Thursday, May 7, 2009

The Art of W.A.R.
Urbanology October 16, 2008

I first became interested in Sun Tzu’s ancient Chinese Classic, The Art of War, in 1968. I was in the United States Army stationed at Foot Hood Texas. This was a time when military intelligence was trying to understand how an army of peasant farmers was defeating the mighty US military forces in Vietnam. Ho Chi Minh’s (the founder of the Democratic Republic of Vietnam) famous answer to that question was: “We are defeating the mighty imperialist forces by using Sun Tzu’s The Art of War.” A whole new generation of Sun Tzu strategists was born in 68’.

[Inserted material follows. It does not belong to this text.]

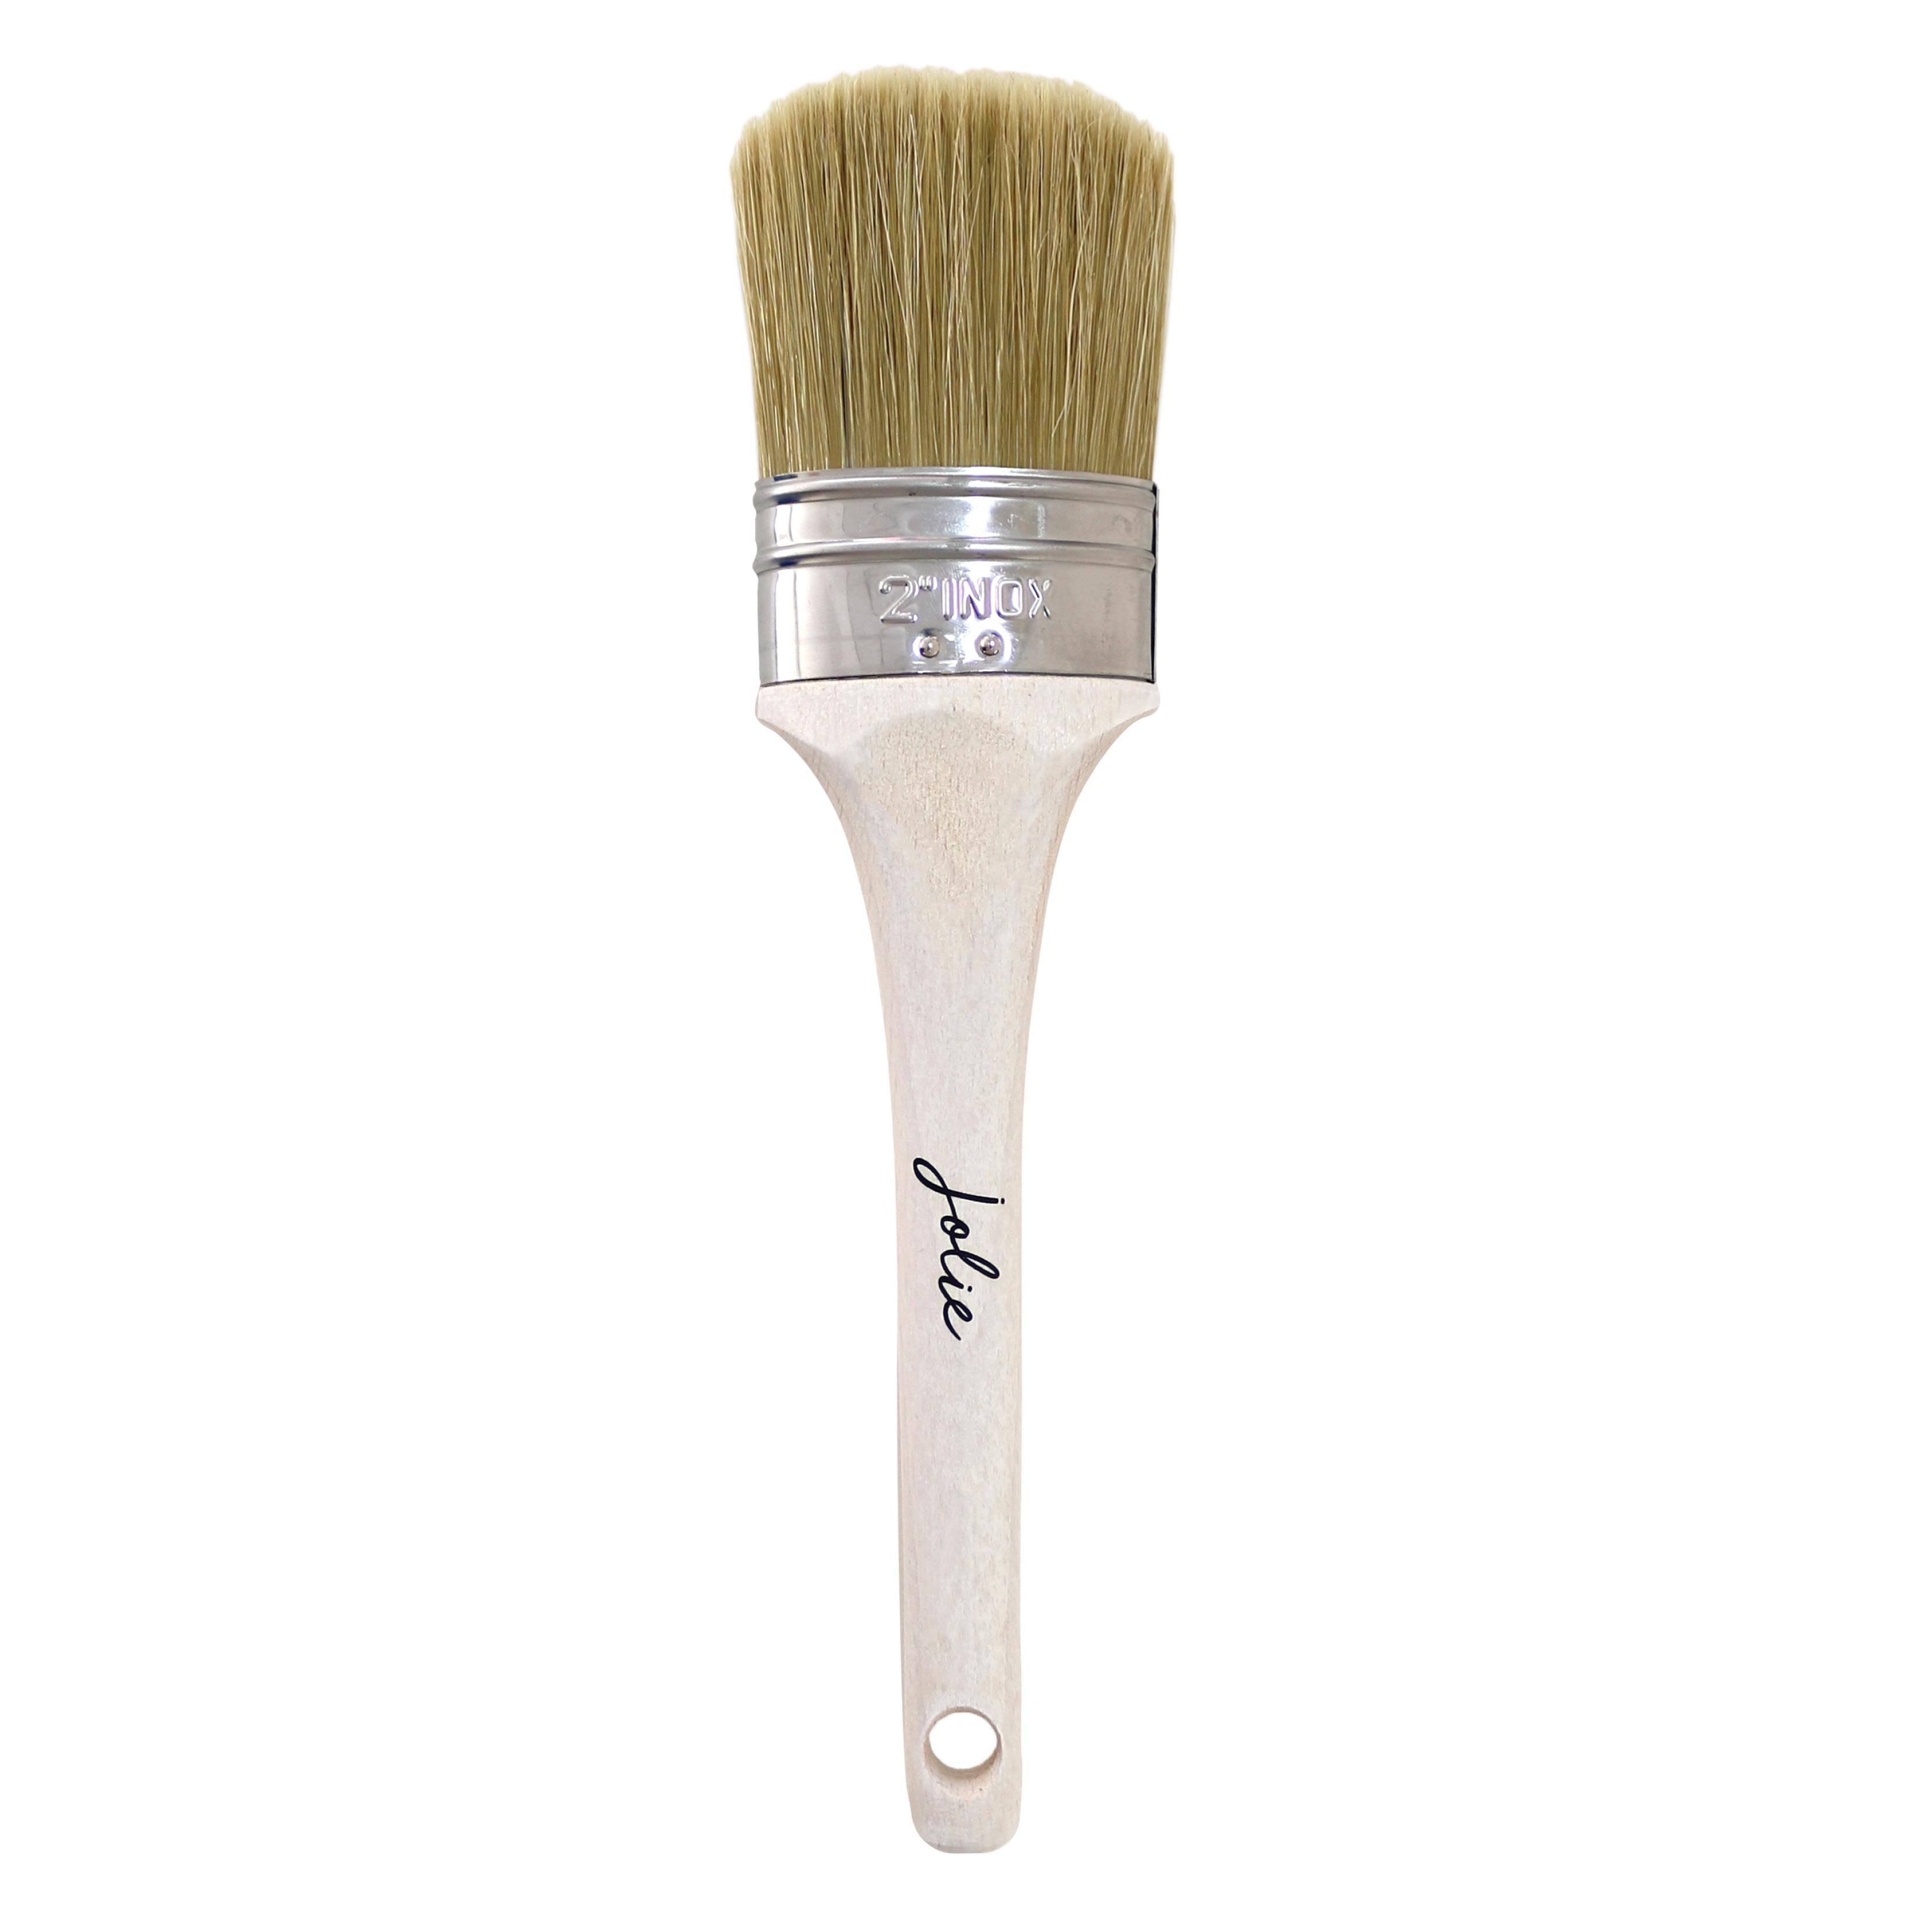 Jolie Signature Paint Brush Large

For over two thousand years The Art of War has remained one of the most influential books of strategy in the world according to Harvard’s Thomas Cleary who, in my opinion, is the best translator of Chinese classics. The strategic concepts found in Sun Tzu’s work had a major influence on strategic military training and American business community.

I became a great admirer of the strategic concepts of this mysterious Taoist warrior-philosopher. One of its most valuable lessons is the importance of knowing oneself. Sun Tzu states: “If you know others and you know yourself you will win most of your battles. If you do not know others but know yourself you will win some and lose some. If you don’t know yourself and do not know others you will lose most of the time”. Understanding one’s self is not as easy as it sounds.

This my surprise you, but you are not who you think you are. In his book, A New Earth, Eckhart Tolle calls it the “The Illusory Self”. According to Tolle, most of us live in an illusory sense of self, a misperception of who we think we are. Albert Einstein called it “an optical illusion of consciousness”. Most of what you consider reality is only an illusion. Tolle goes on to say, “If you can recognize illusion as illusion it dissolves. Its survival depends on your mistaking it for reality.” My advice for both individual and organizational strategic management is to be clear about who you are, not who you think you are. Only then can you understand your true strengths and weaknesses. Sun Tzu teaches: “Making yourself invincible means knowing yourself; waiting for vulnerability in opponents means knowing others.”

When I was developing Urbanology Systems, my strategic multicultural marketing and management company, my son gave me the idea of using my name, William Anthony Rogers (WAR), as part of my strategic marketing plan, which developed into: Urbanology: The Art of W.A.R. I suggest if you have not had the opportunity to read Sun Tzu’s The Art of War, and you are in any type of competitive situation, either personal or organizational, it might be a good idea to pick up a book. I suggest that you look for Thomas Cleary’s translation of the text. If you are in business and you don’t understand this type of strategic thinking you can become very vulnerable to those who do.